** WHAT THE TASK REQUIRES **
The data below is to be transcribed word for word; pictures are to be excluded.

** COLLECTED MATERIAL **
○ ○ ○

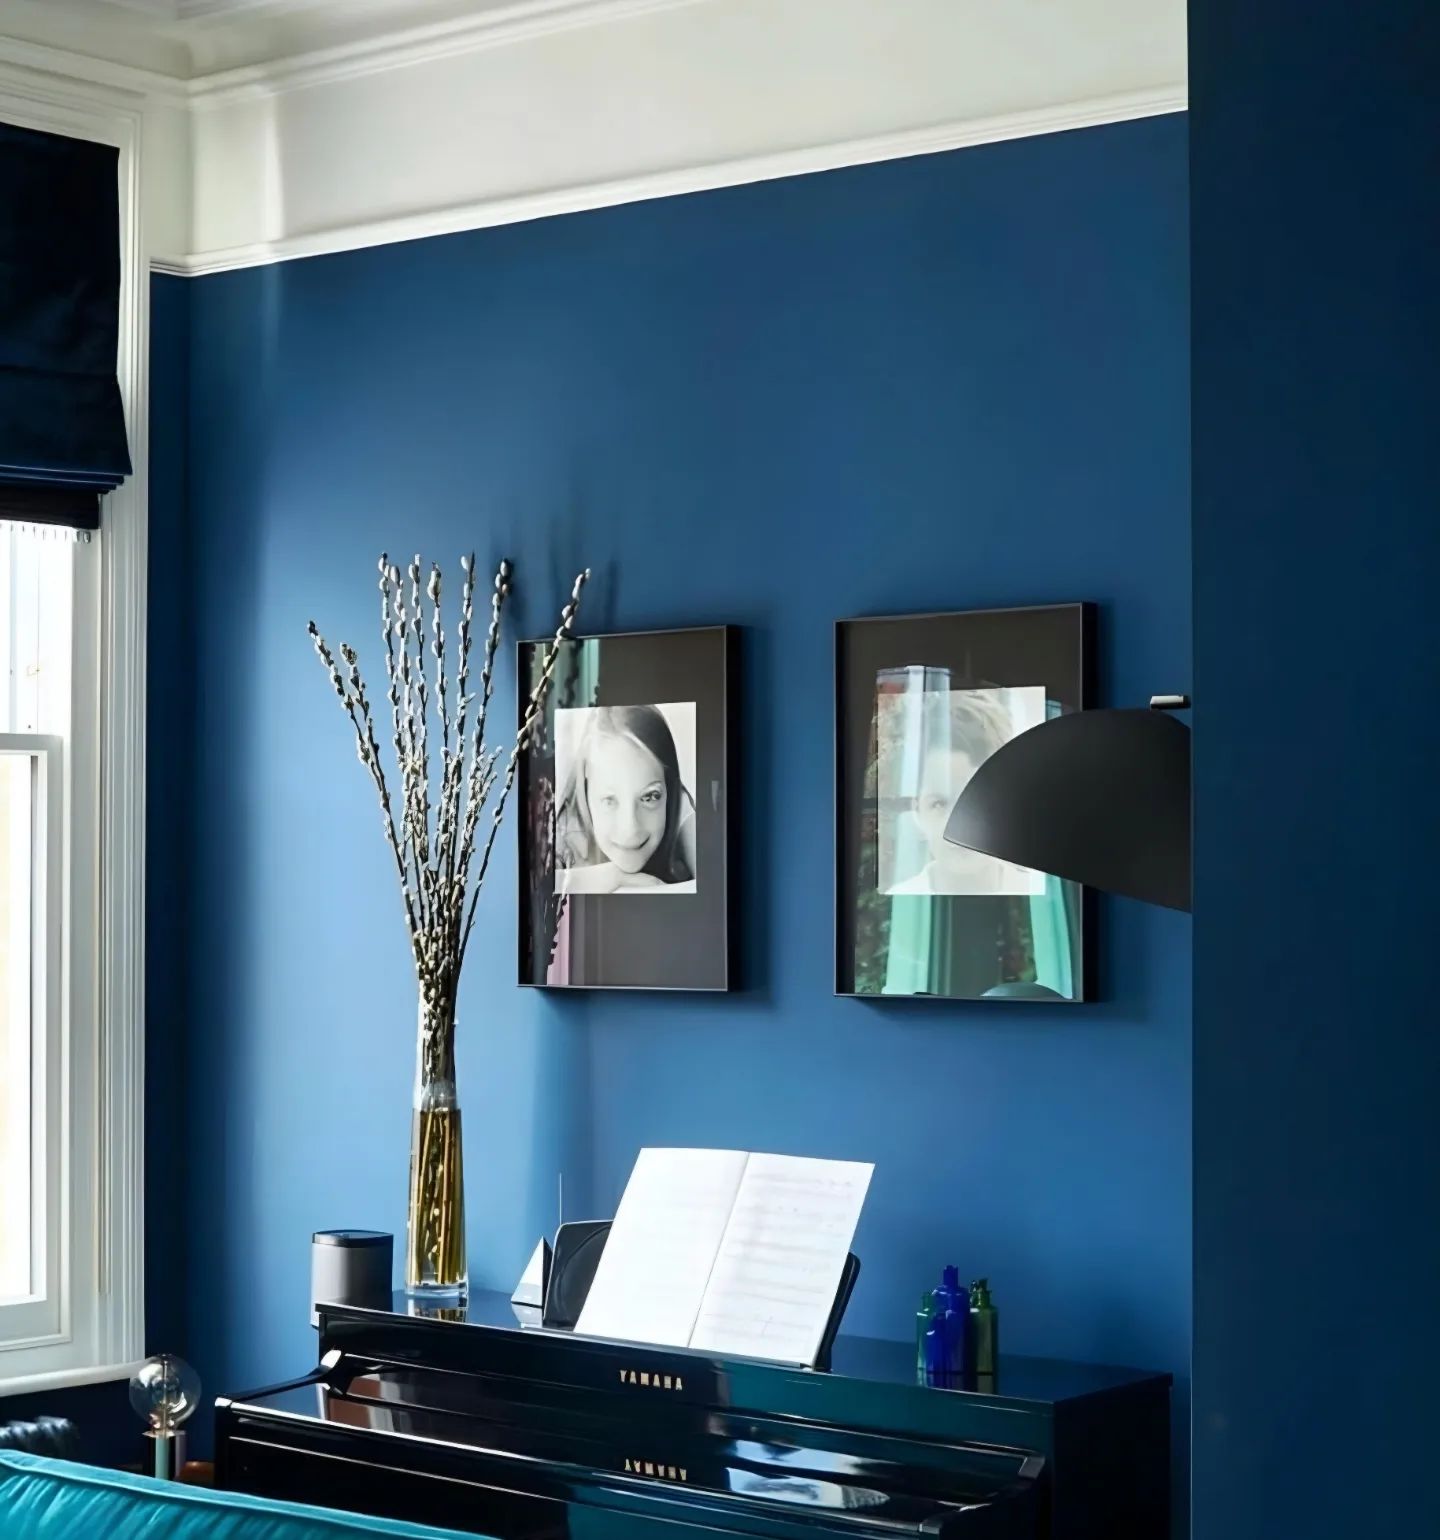 Elevate a north facing room with the beautiful 🎨 Moonlit Night No.43 from the @designersguild Paint Collection.

A warm inky and atmospheric blue, reminiscent of ancient indigo dyes.

The Designers Guild Paint Collection is available exclusively in our Colour Showroom in Ireland and online at stillorgandecor.ie for delivery nationwide.

○ ○ ○

** YOUR SOLUTION **
 Elevate a north facing room with the beautiful 🎨 Moonlit Night No.43 from the @designersguild Paint Collection.

A warm inky and atmospheric blue, reminiscent of ancient indigo dyes.

The Designers Guild Paint Collection is available exclusively in our Colour Showroom in Ireland and online at stillorgandecor.ie for delivery nationwide.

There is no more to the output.